Yes, there are currently problems with the random number code not compiling
with GCC, but apart from that it's all in pretty good shape (I hope!), docs
here:
http://svn.boost.org/svn/boost/sandbox/big_number/libs/multiprecision/doc/html/boost_multiprecision/tut/ints.html

> Again, another compromise: sign magnitude is actually very slightly slower
>> than the old 2's complement code for some operations, but has enough
>> other
>> advantages to make it worthwhile (so you sold me on that)
>
> Could you list those? I am willing to test :-)

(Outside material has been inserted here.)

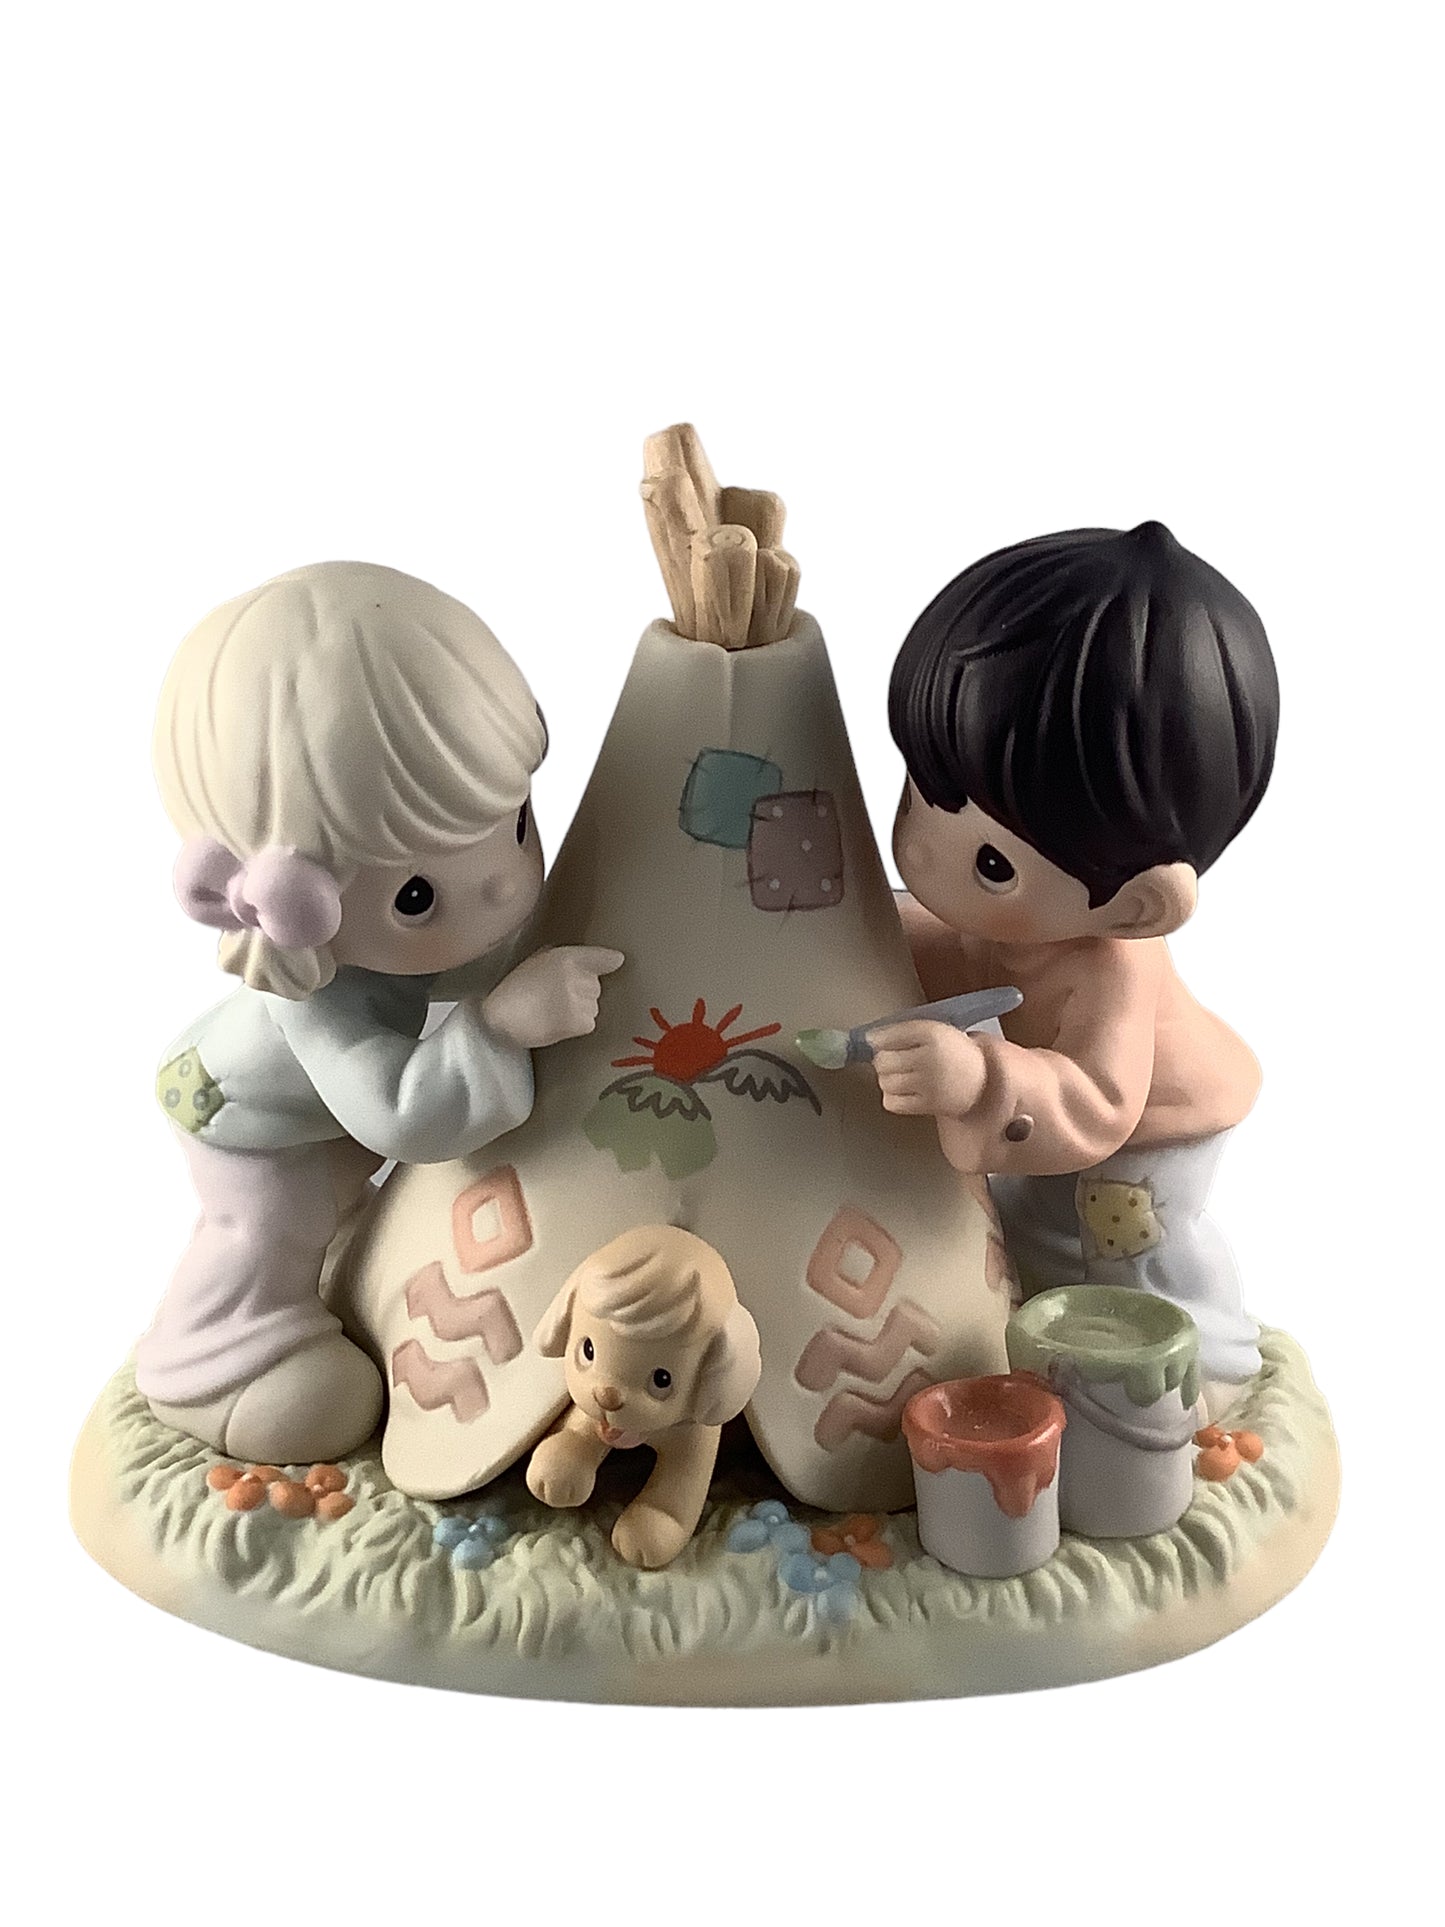 Twogether We Can Move Mountains - Precious Moment Figurine

Well the main one is that it easier to code, and in particular to only track
the limbs that are actually used, which proved too brain twisting for me
with a 2's complement representation ;-)

> It also has a template parameter that lets you tune the size of the
>> internal cache (the bit that's used before any memory allocation takes
>> place).
>
> I am not sure what is internal cache here. Need to have a look at your
> implementation. Did you implement two separate backends: stack allocated,
> heap allocated? Or did you come up with generalized implementation that
> uses fixed array for small numbers and switches to dynamic array if
> exceeds
> its capacity?

No, just one implementation, but it implements the equivalent of the
small-string-optimization - which is to say the header for the dynamicly
allocated buffer is in a union with a small internal buffer. The internal
buffer is used first, then if the number grows too large a dynamic buffer is
used. The template parameter controls the size of this internal cache - it
defaults to the same size as the dynamic buffer header, but can be made
larger if that helps.

Finally, if the allocator is void, then no dynamic allocation ever takes
place, and we have a fixed precision type, some of the core code gets
simplified in this case as well.

Otherwise, an unbounded integer with a large cache provides almost the best
of both worlds - very nearly as fast as the fixed precision version, but no
need to worry about overflow.

> Basically what I'm saying here, is there is no one true configuration,
>> that offers the very best performance in all cases, if there was, we'd
>> probably all be using GMP ;-)
>
> Completely agree. But from advanced user perspective it's good to be able
> to specify configuration (stack or heap allocation, limb size, etc). For
> example it is possible to rewrite all the Voronoi code using GMP almost
> without any performance lose. But this will require to split huge math
> expressions onto atomic formulas, thus reducing code readability
> and maintainability. That's the main reason I decided to switch to fixed
> bigint.
>
> PS, the next step is to start stealing some more special case code from
> the
>> SOC project.... I fully expect that to make your benchmarks run very
>> slightly more slowly, but is necessary for other use cases...
>
> I'd like to have a look at your backend implementation. It seems to be
> already well done from your Voronoi benchmark. So it will be good to move
> parts of that SOC projects to your current implementation. One of the
> useful things we can think of is FFT multiplication (which is fast for
> large numbers). For medium size numbers I would think of Karatsuba
> multiplication. I would suggest generalized multiplication that will
> combine those two plus usual quadratic multiplication for small numbers. I
> can help on testing those and would ask Arseniy if he's interested on
> migrating his FFT code. Does it sound good for you?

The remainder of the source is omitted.